# GIVEN MATERIAL
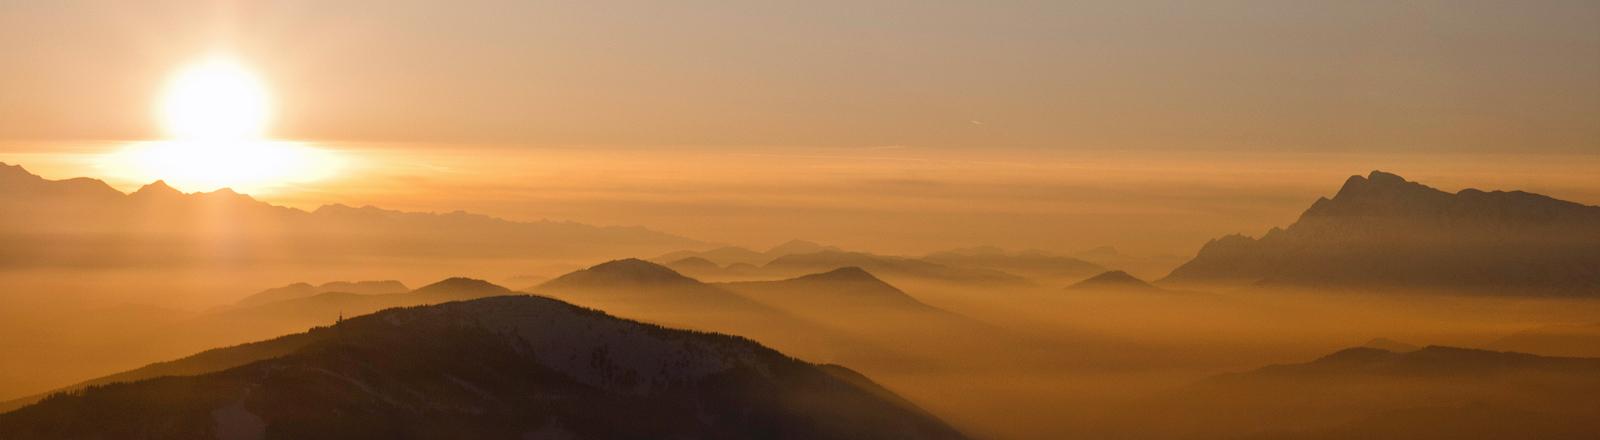 """Eine hübsche Hügellandschaft, über der gerade die Sonne untergeht. Könnte auch aus """"Herr der Ringe"""" sein."""
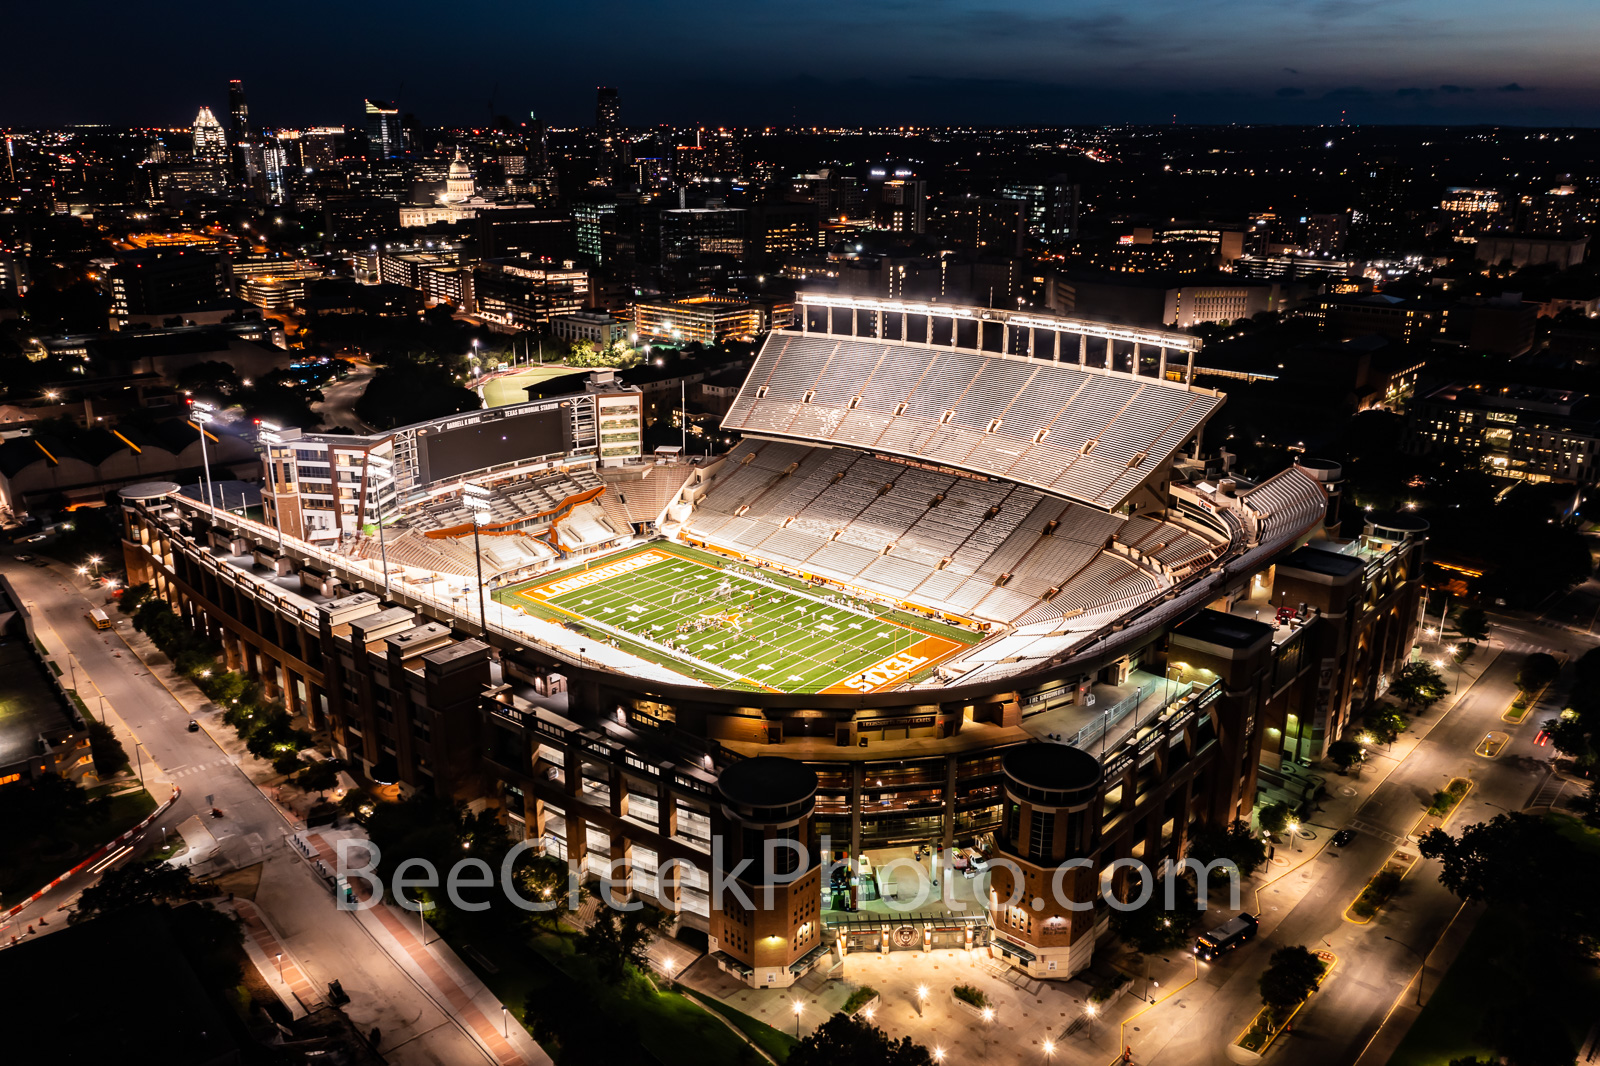 Darrell K Royal -Texas Memorial Stadium  - This is an aerial capture of the Darrell K Royal Memorial Stadium in Austin Texas...
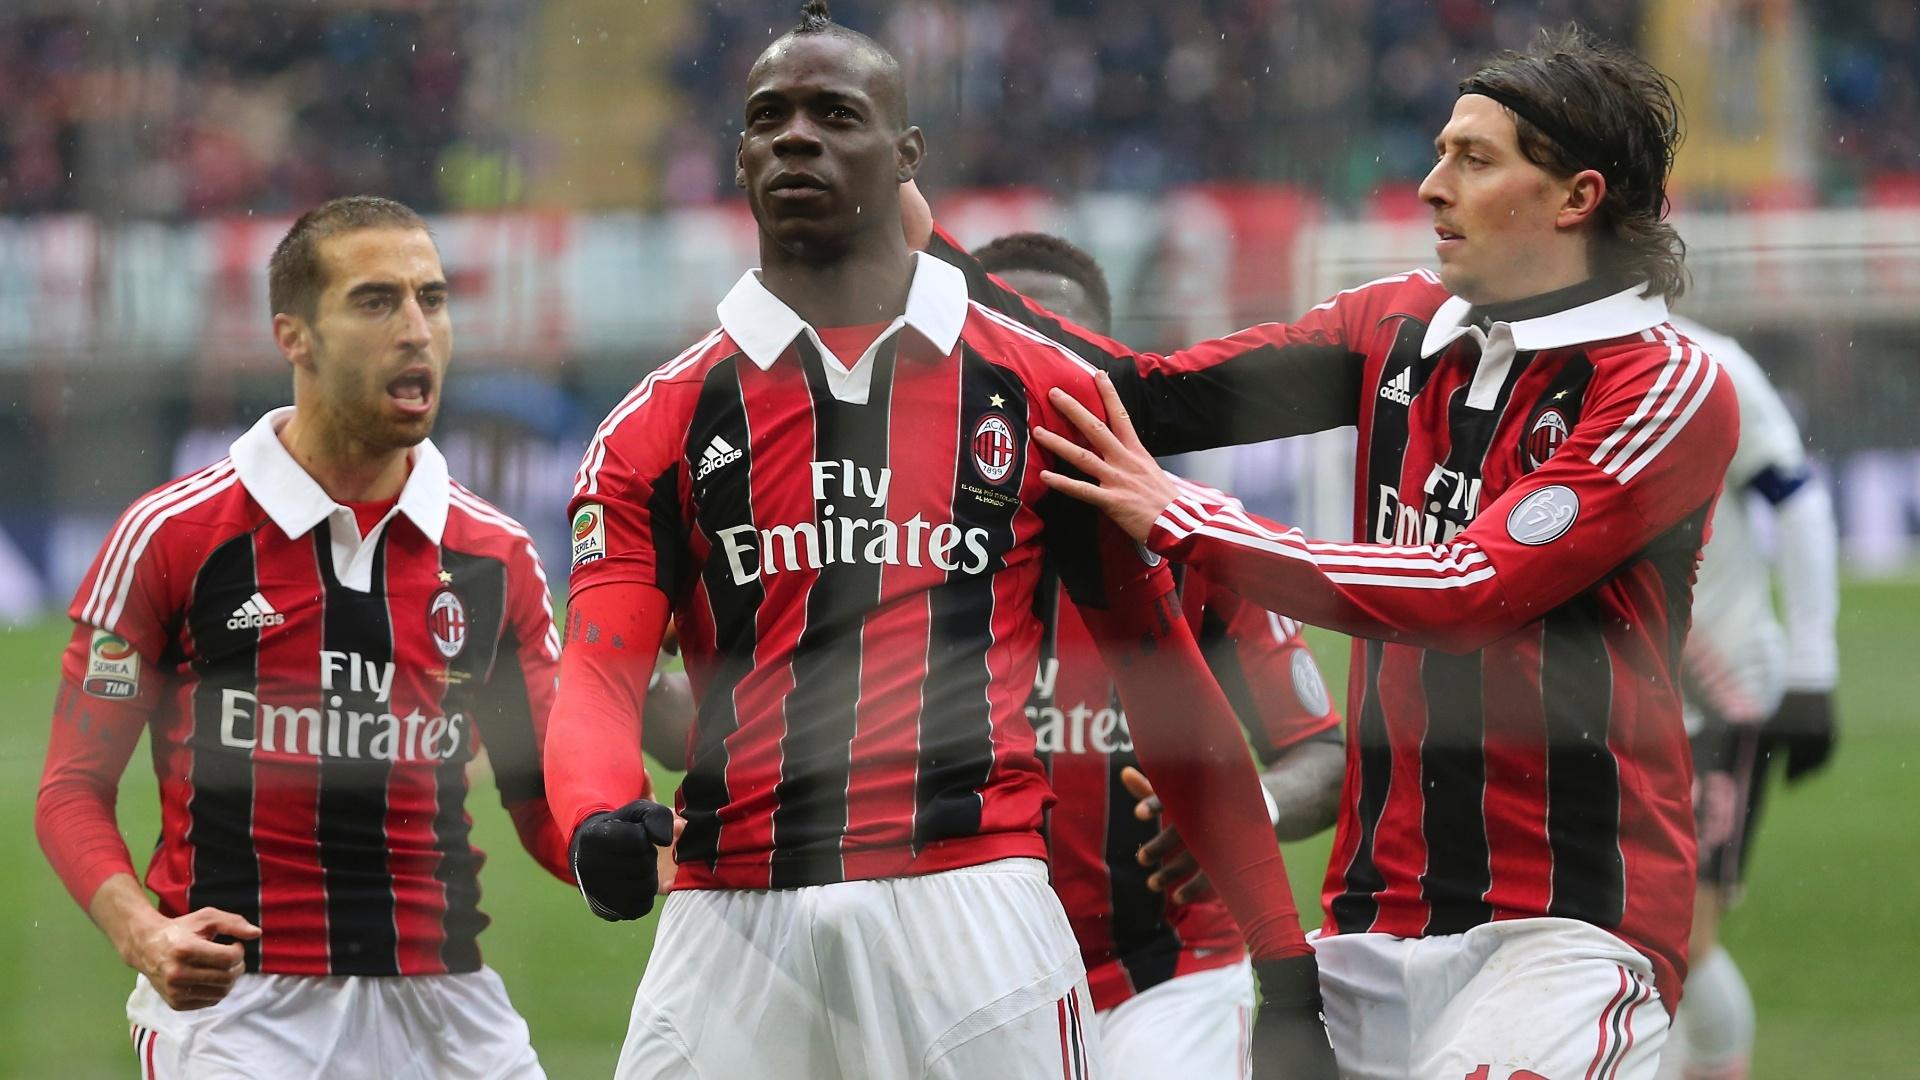 No segundo tempo, Balotelli aproveitou rebote do goleiro do Palermo e ampliou a vitória do Milan para 2 a 0

# WHAT TO DO
Transcribe all lines above exactly, skipping pictures.

# ANSWER
 """Eine hübsche Hügellandschaft, über der gerade die Sonne untergeht. Könnte auch aus """"Herr der Ringe"""" sein."""
 Darrell K Royal -Texas Memorial Stadium  - This is an aerial capture of the Darrell K Royal Memorial Stadium in Austin Texas...
 No segundo tempo, Balotelli aproveitou rebote do goleiro do Palermo e ampliou a vitória do Milan para 2 a 0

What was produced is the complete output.